Declaring jute as an agri-product is a masterstroke
Two recent developments that were almost back to back augur well for the Indian jute industry, often known as the golden fibre.
Two recent developments that were almost back to back augur well for the Indian jute industry, often known as the golden fibre. The Centre has approved reservation norms for mandatory use of jute in packaging of rice, wheat and sugar for the Jute Year 2022-23. The norms provide for full reservation for packaging of foodgrains and 20 per cent reservation for packaging of sugar in jute bags, which will be a big boost for West Bengal, in particular, where close to 75 jute mills operate and provide livelihood to lakhs of people. It will support 40 lakh farm families in the jute sector spread across Bihar, Odisha, Assam, Tripura, Meghalaya, Andhra Pradesh and Telangana.
In another significant development, albeit belated, the Centre has formally declared jute as an 'agricultural product'. A plant fibre, its industrial use and diversification of products should have been given this recognition, long back. Now, like other agricultural products, all kinds of incentives must be given to jute farmers.
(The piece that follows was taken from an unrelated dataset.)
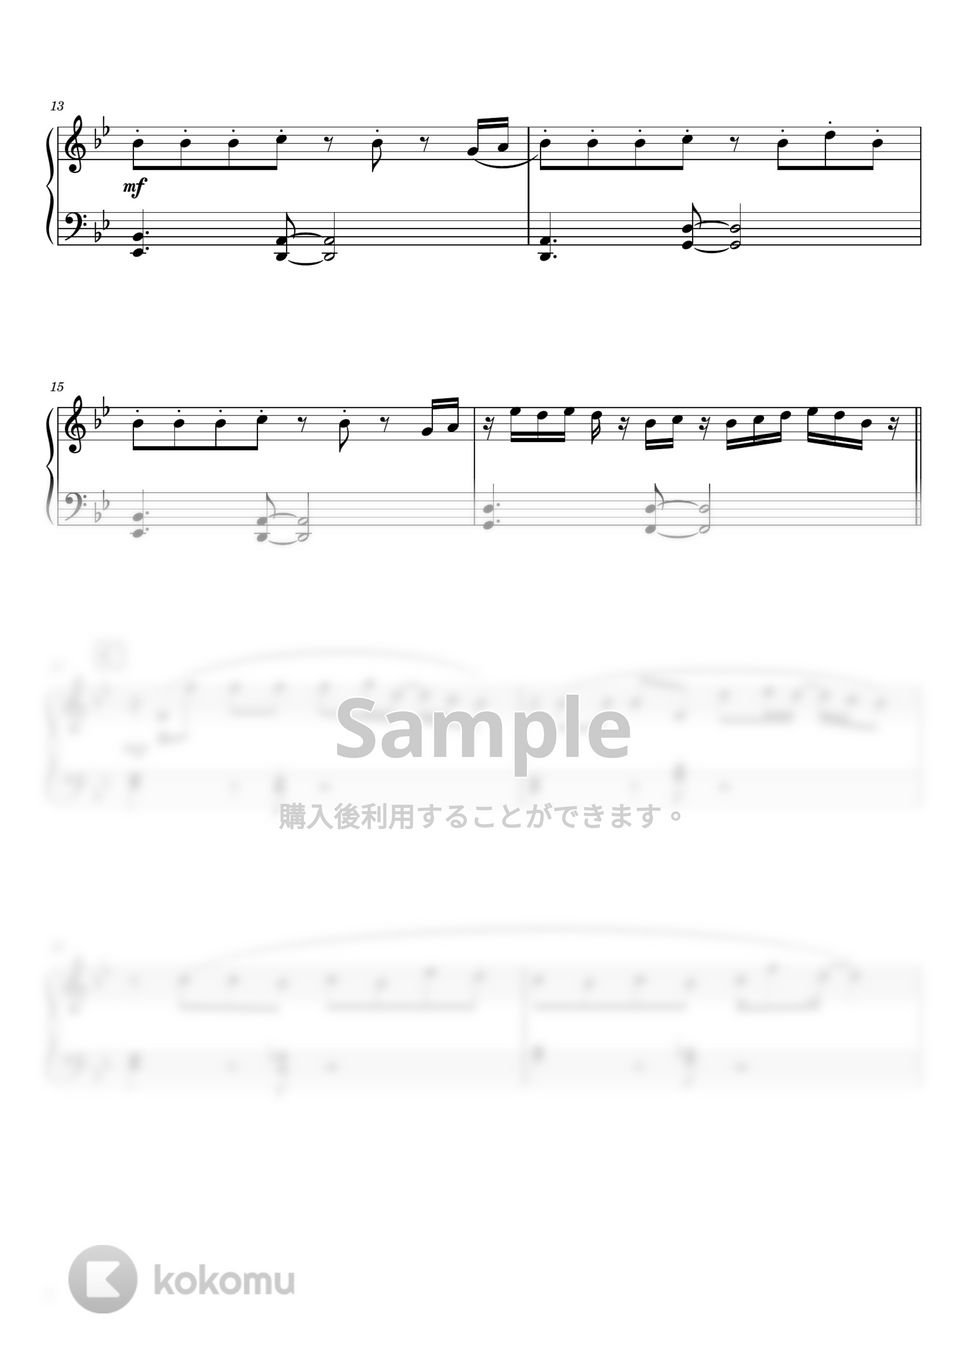 くじら - 金木犀 feat. Ado (ピアノソロ / 初級) by SuperMomoFactory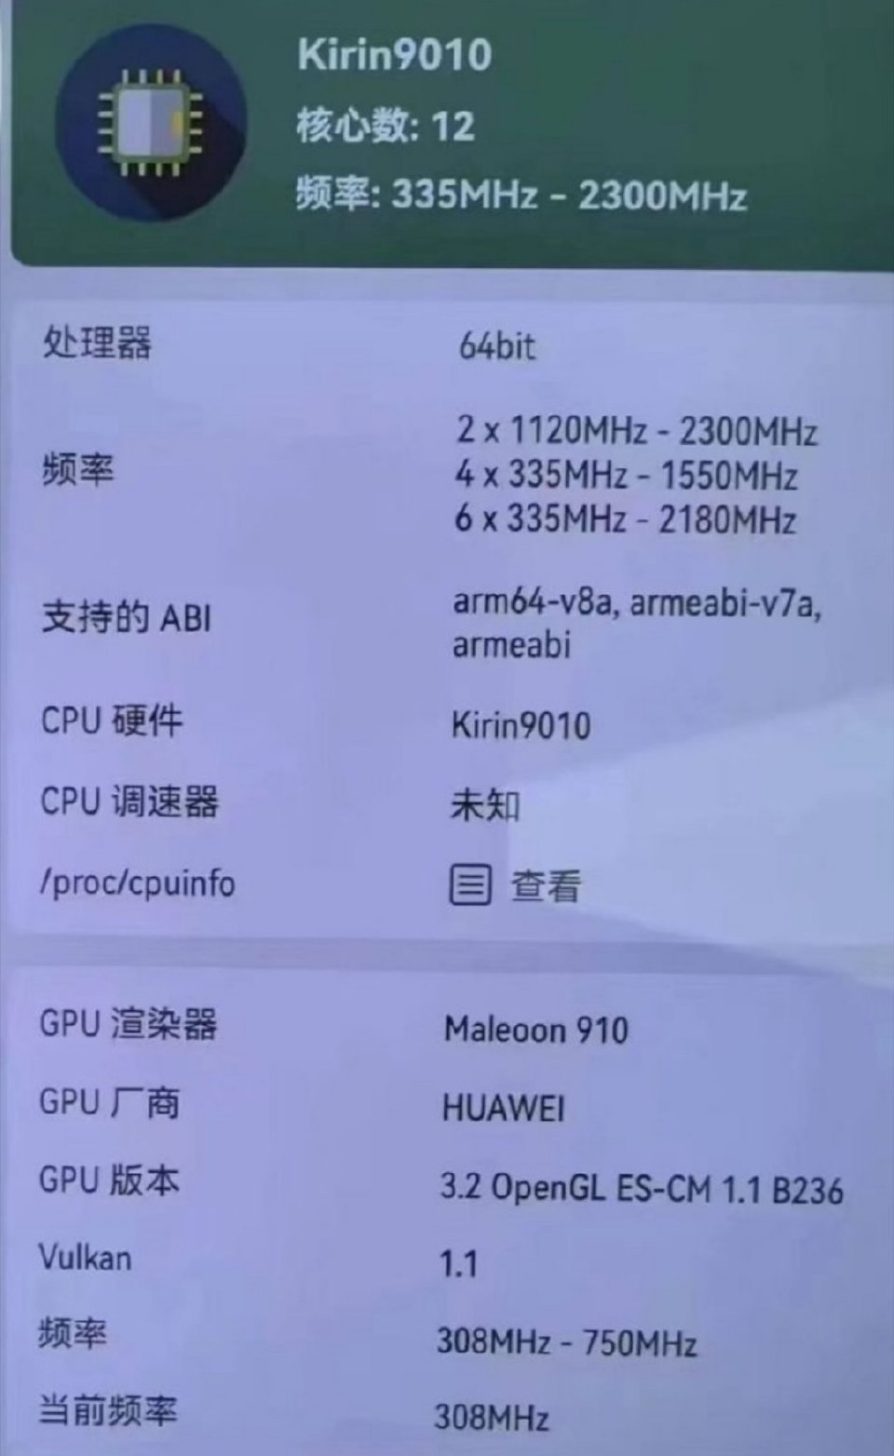 Kirin 9010 es el último teléfono inteligente SoC de Huawei con una matriz de CPU de 12 núcleos y se dice que es una versión más rápida del Kirin 9000S, litografía desconocida

They and traders can now overcome the uncertainty of jute's future, and look to the future more confidently besides feeling financially secure. The latest development is also expected to streamline the jute sector from production to export.
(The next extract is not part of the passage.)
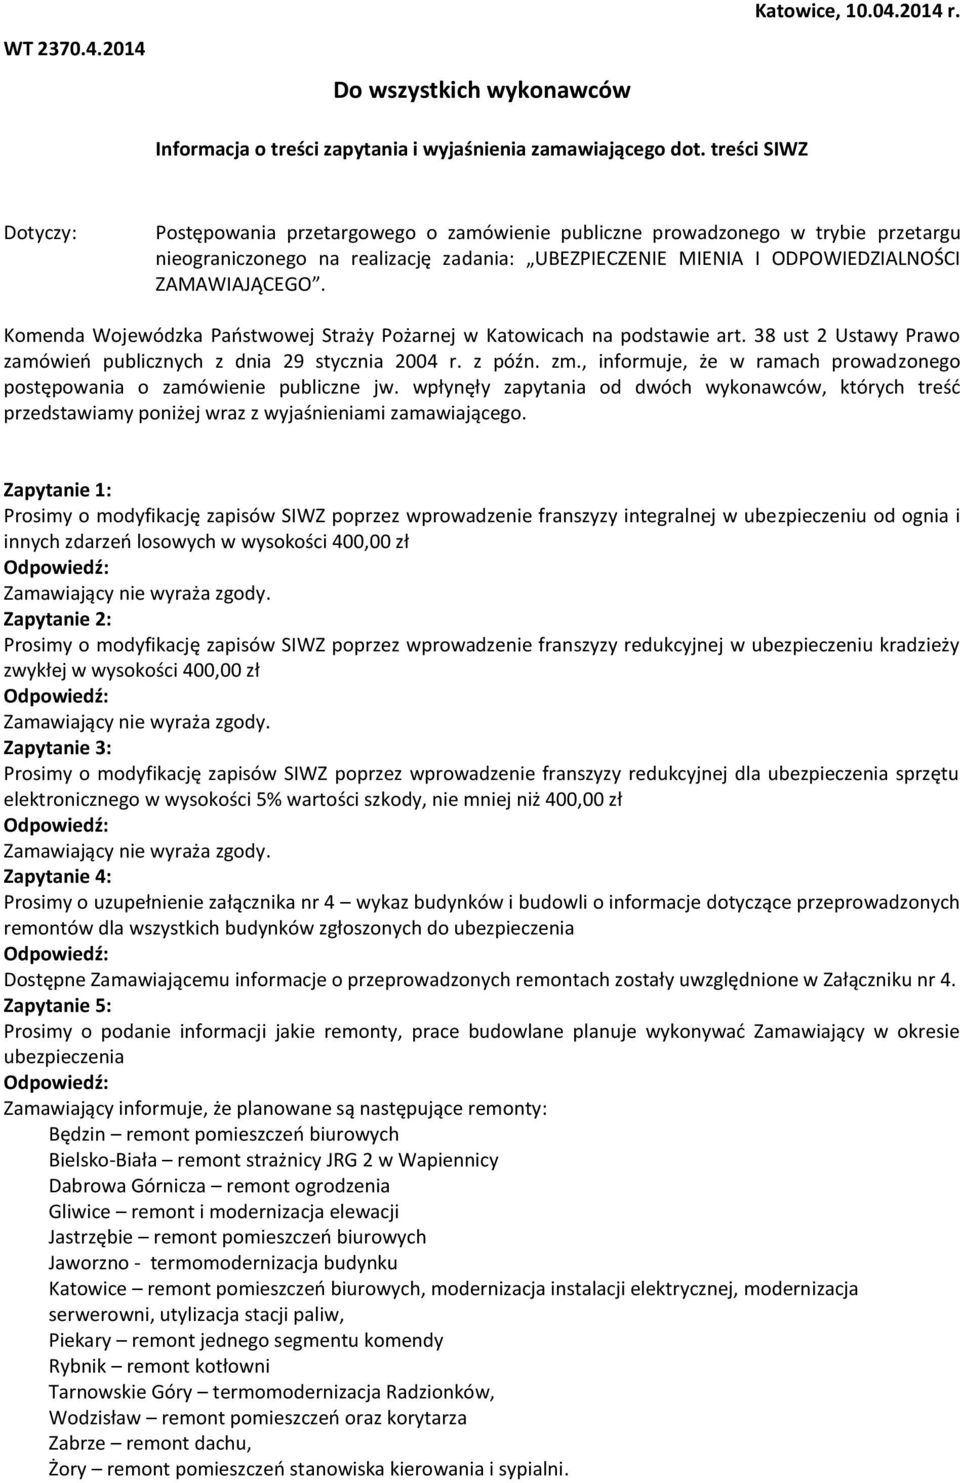 Komenda Wojewódzka Państwowej Straży Pożarnej w Katowicach na podstawie art. 38 ust 2 Ustawy Prawo zamówień publicznych z dnia 29 stycznia 2004 r. z późn. zm.

Significantly, the jute industry occupies an important place in the national economy. Nearly 75 per cent of the total production of the jute industry is jute sacking bags of which 85 per cent is supplied to Food Corporation of India (FCI) and state procurement agencies (SPAs) and remaining is exported or sold directly. The government purchases jute sacking bags worth nearly Rs 9,000 crore every year for packaging of food grains. This ensures a guaranteed market for the produce. The average production of jute sacking bags is about 30 lakh bales (9 lakh MT) and the government is committed to ensure complete off-take of their production in order to protect the interests of jute farmers, workers and persons engaged in the industry. The reservation norms would further the interest of domestic production of raw jute and jute packaging material, thereby, making India self-reliant in consonance with Aatmanirbhar Bharat.
Talking about the other crucial decision, now that jute has been recognised as an 'agricultural product', the country's future strategy should be to exploit its competitive edge in terms of its environmental benefit. If properly planned for diversification of jute-based products, their demand will only increase in the international market. Mind you that in the context of climate change and a worldwide campaign against artificial fibres and polythene and plastic bags and other materials, the biodegradable environment-friendly fibre enjoys strong backing of the global environmental activists. Jute fulfils all sustainability parameters and that is great augury for Indian jute industry and all its stakeholders.